If that (or other similar letters - a second letter was subject to the same kind of dispute in the present case) was an acknowledgement of the debt for the purpose of s. 29 of the Limitation Act, it started the limitation period running again. If it was not an acknowledgement of the debt, and / or if it was not admissible under the 'without prejudice' rule (since it formed part of a negotiation) then the building society were out of time to sue for the debt.
Imagine a client comes to you and shows you such a letter offering to settle a debt for a fraction of the sum owed, and that you have to decide whether that letter has extinguished his limitation defence. You might feel, and the client might be forgiven for feeling, it is a fairly routine question for a solicitor in general practice. In reality the question was very difficult. In answering it, a unanimous House of Lords reversed a unanimous Court of Appeal.
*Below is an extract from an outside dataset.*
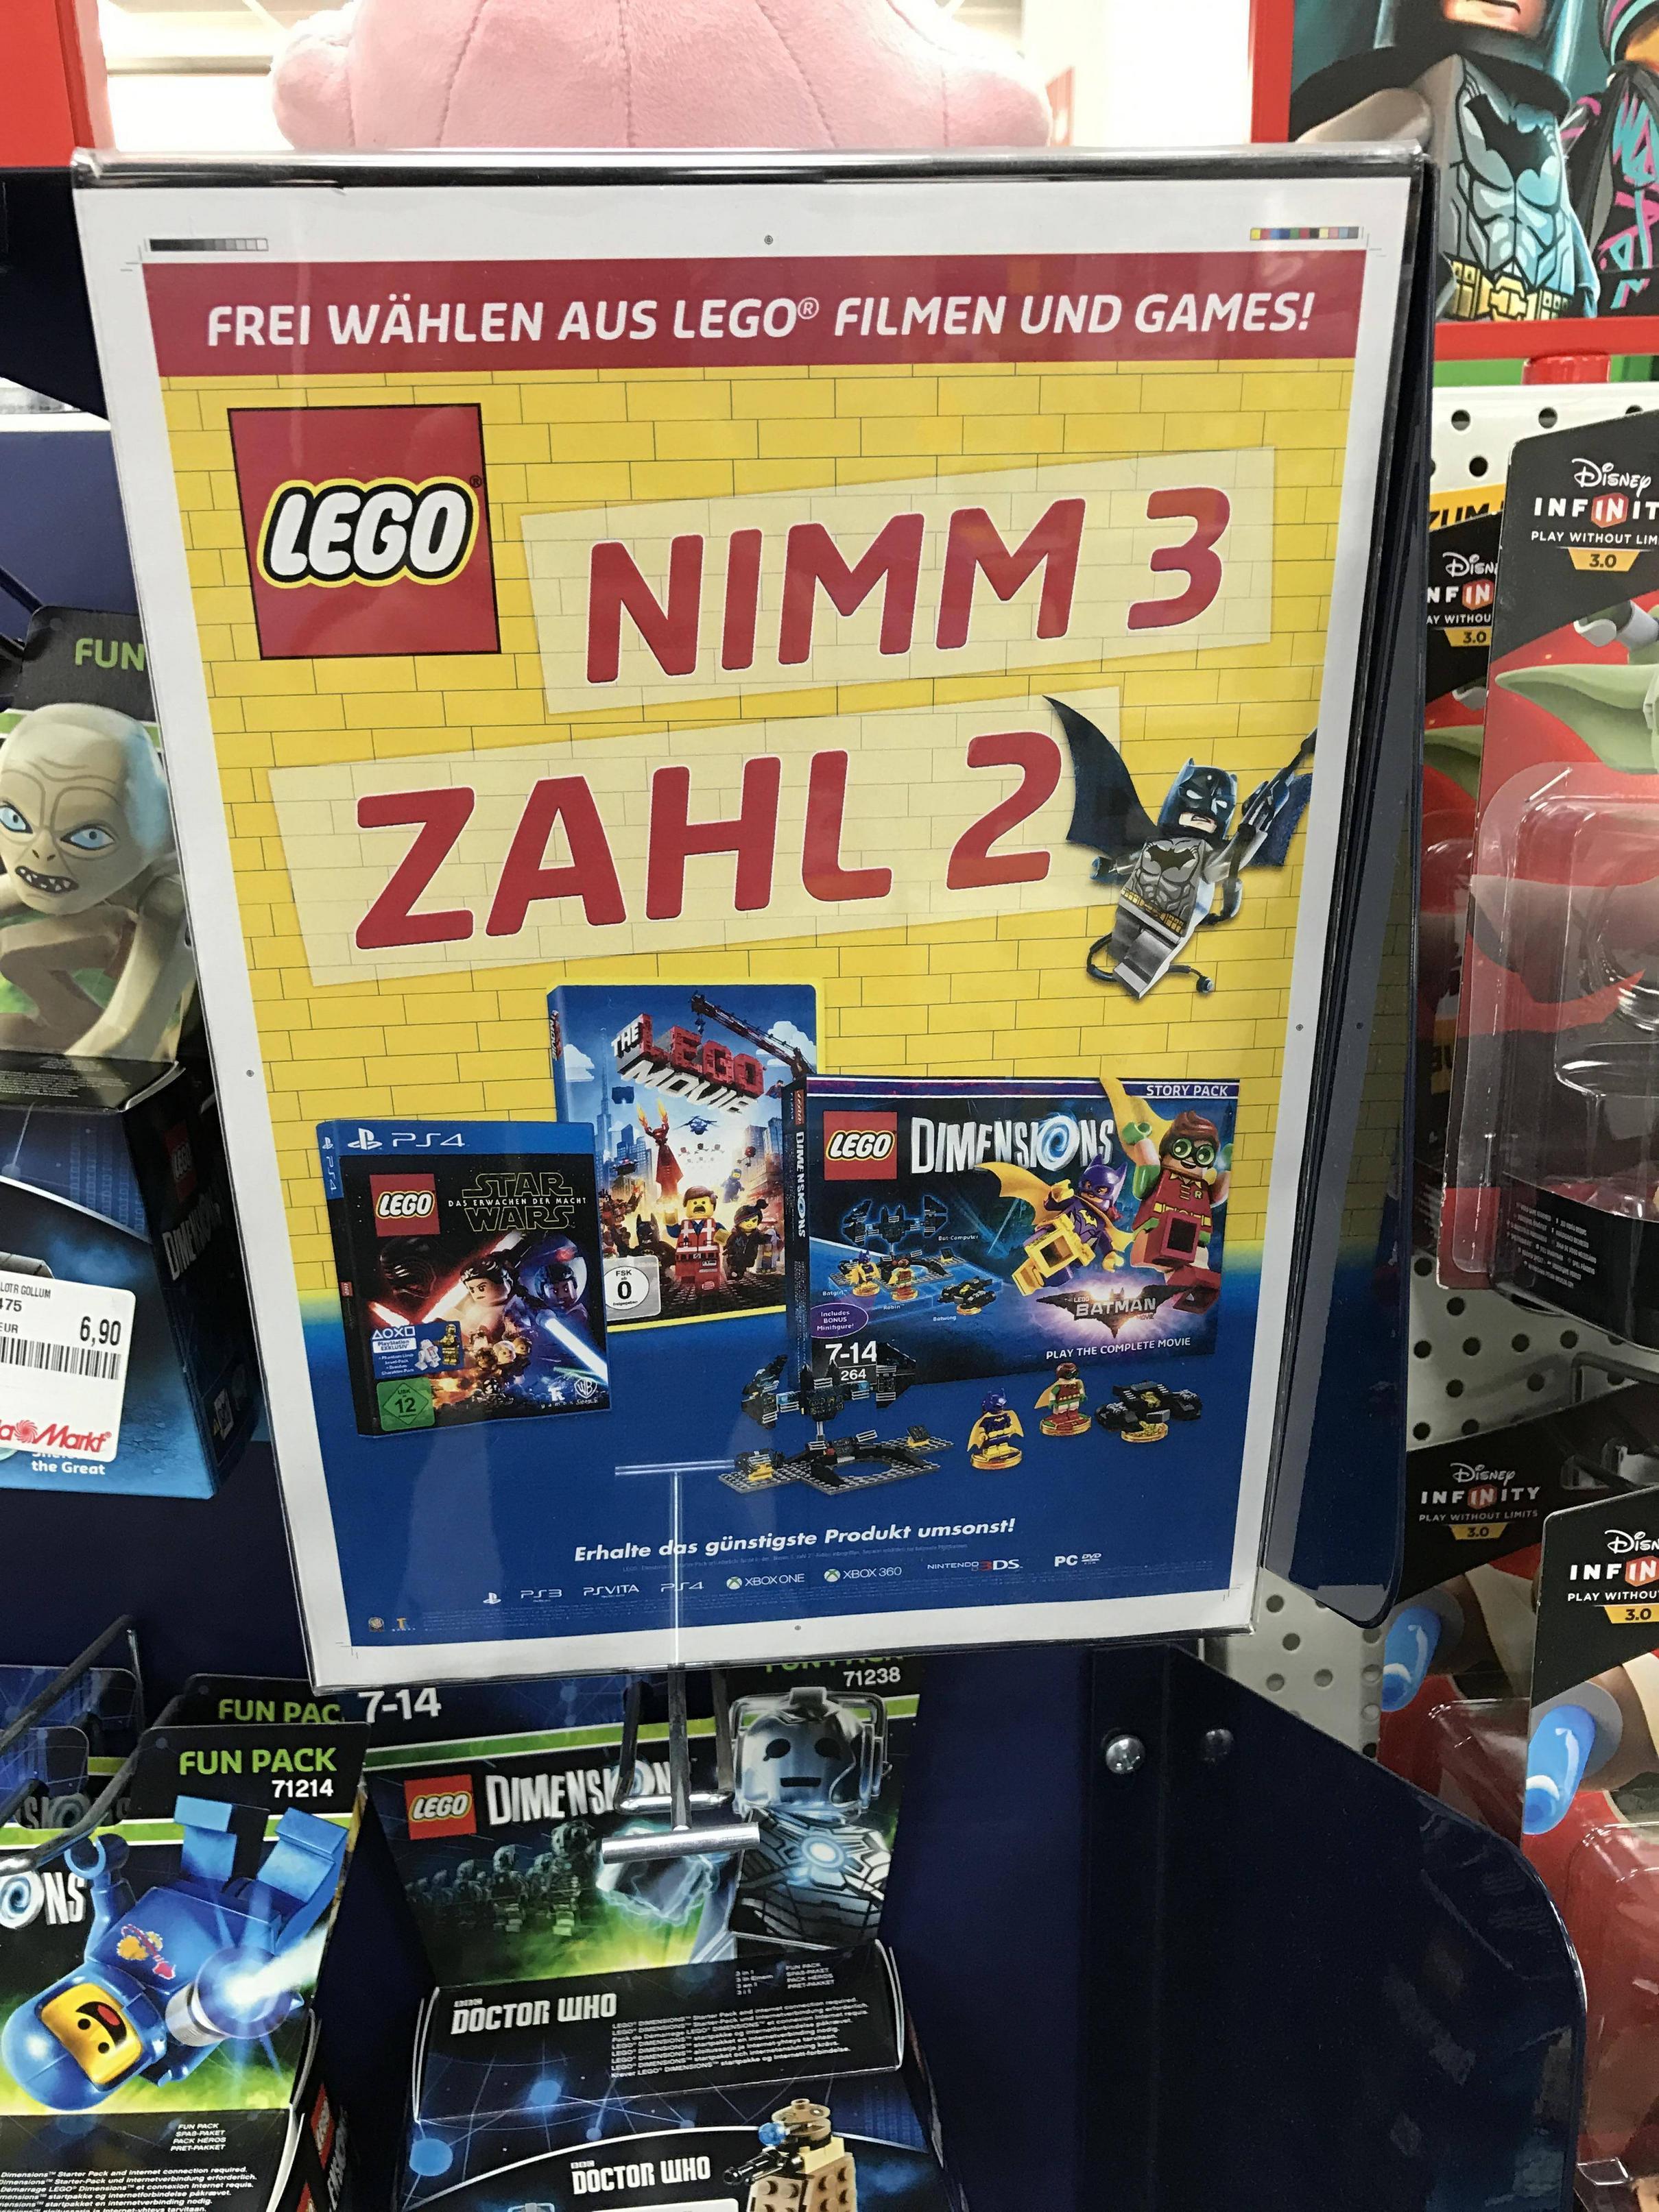 [Lokal] Media Markt Aschaffenburg Lego Dimensions

The unanimous House of Lords has left as many questions as answers for practitioners who negotiate every day under the 'without prejudice rule'. Their Lordships had no difficulty in deciding that such a letter is an acknowledgement of debt. They also decided the letter was not excluded from evidence by the 'without prejudice' rule. The unfortunate aspect of the case was that their Lordships gave competing explanations of why the letter was admissible. These explanations bear on what could be called the 'mechanics' of the 'without prejudice' rule. An advisor dealing with day-to-day disputes needs to rules of thumb about where the boundaries of the rule lie, and how to draft letters so that they fall within the rule where possible and appropriate.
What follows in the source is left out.